- EXERCISE DATA:
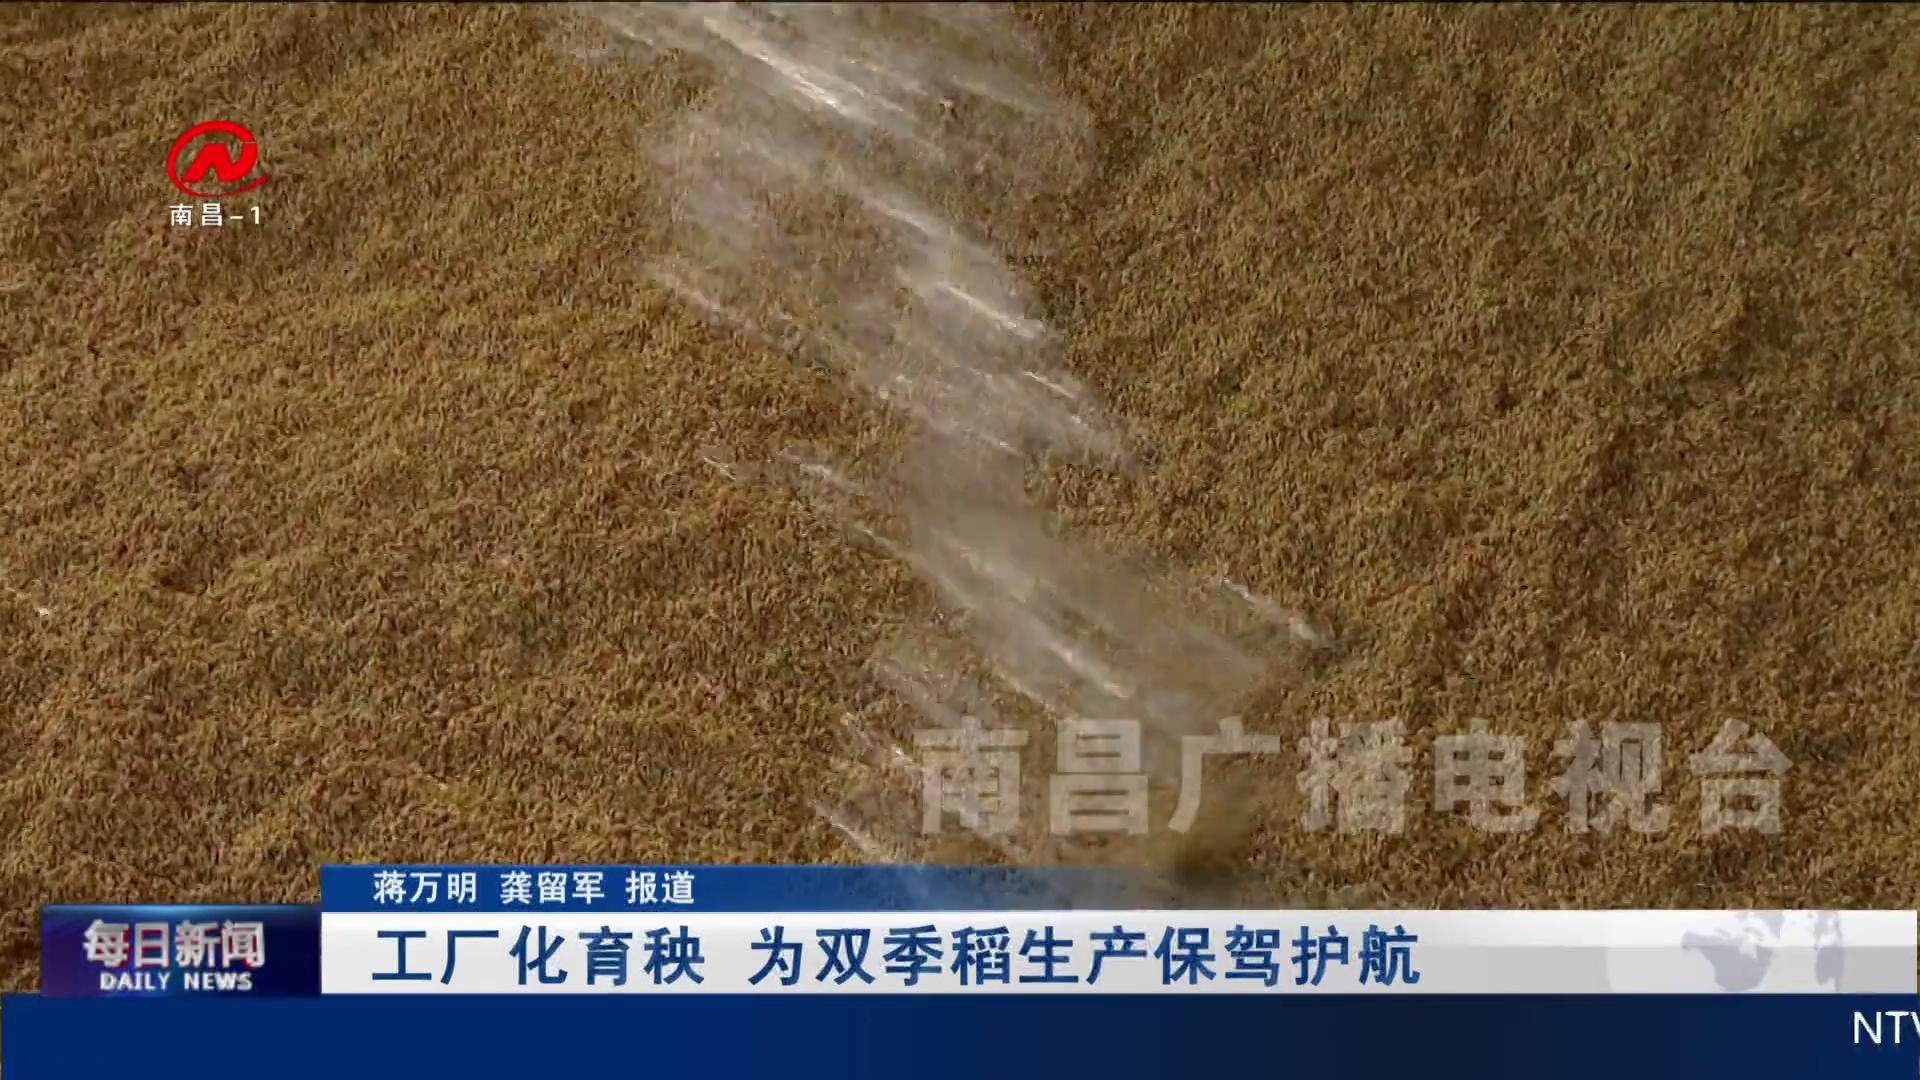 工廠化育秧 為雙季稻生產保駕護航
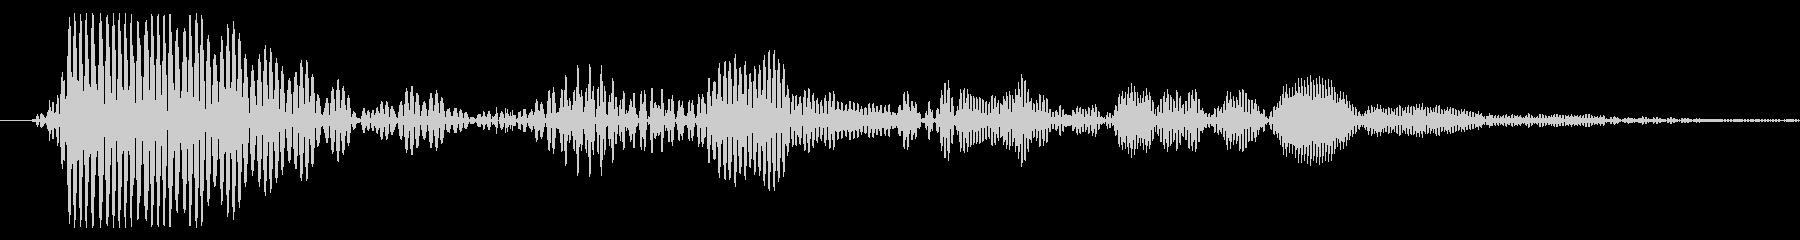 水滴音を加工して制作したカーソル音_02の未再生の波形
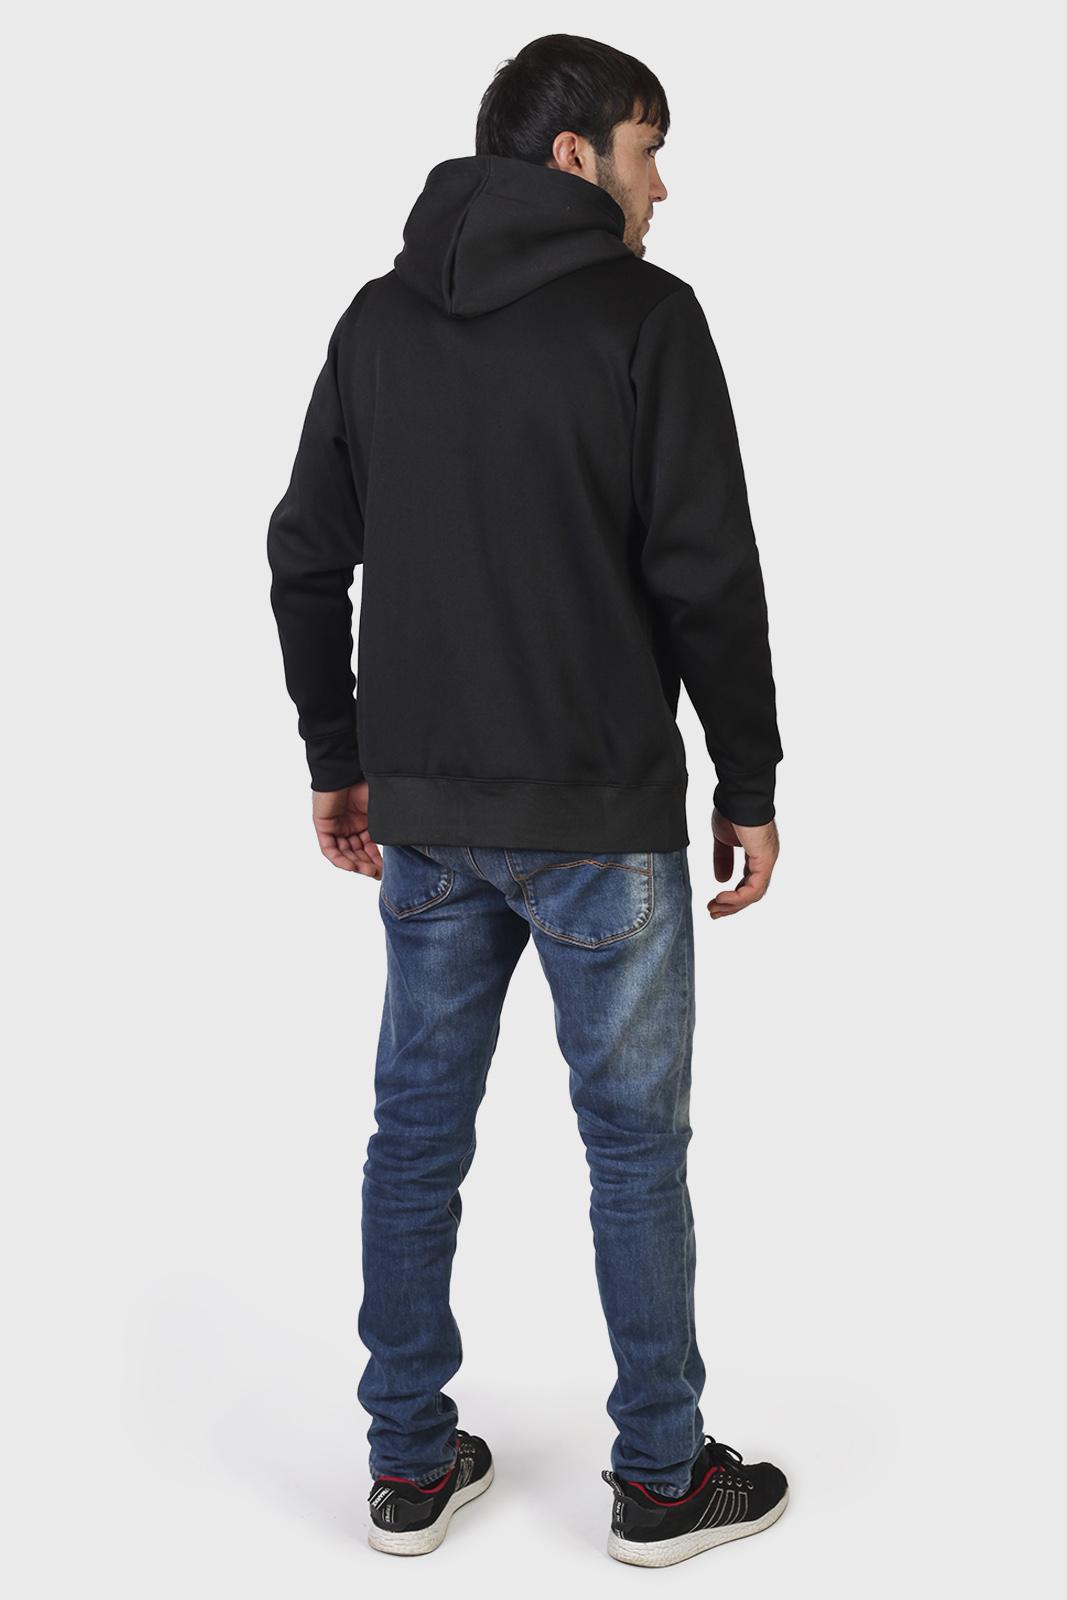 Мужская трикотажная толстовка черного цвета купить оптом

- WHAT THE TASK ASKS: Lines from the one with "水滴音を加工して制作したカーソル音_02の未再生の波形" through the final line of the listing above: copy them exactly, both ends included, and omit every picture.

- FINISHED TASK:
 水滴音を加工して制作したカーソル音_02の未再生の波形
 Мужская трикотажная толстовка черного цвета купить оптом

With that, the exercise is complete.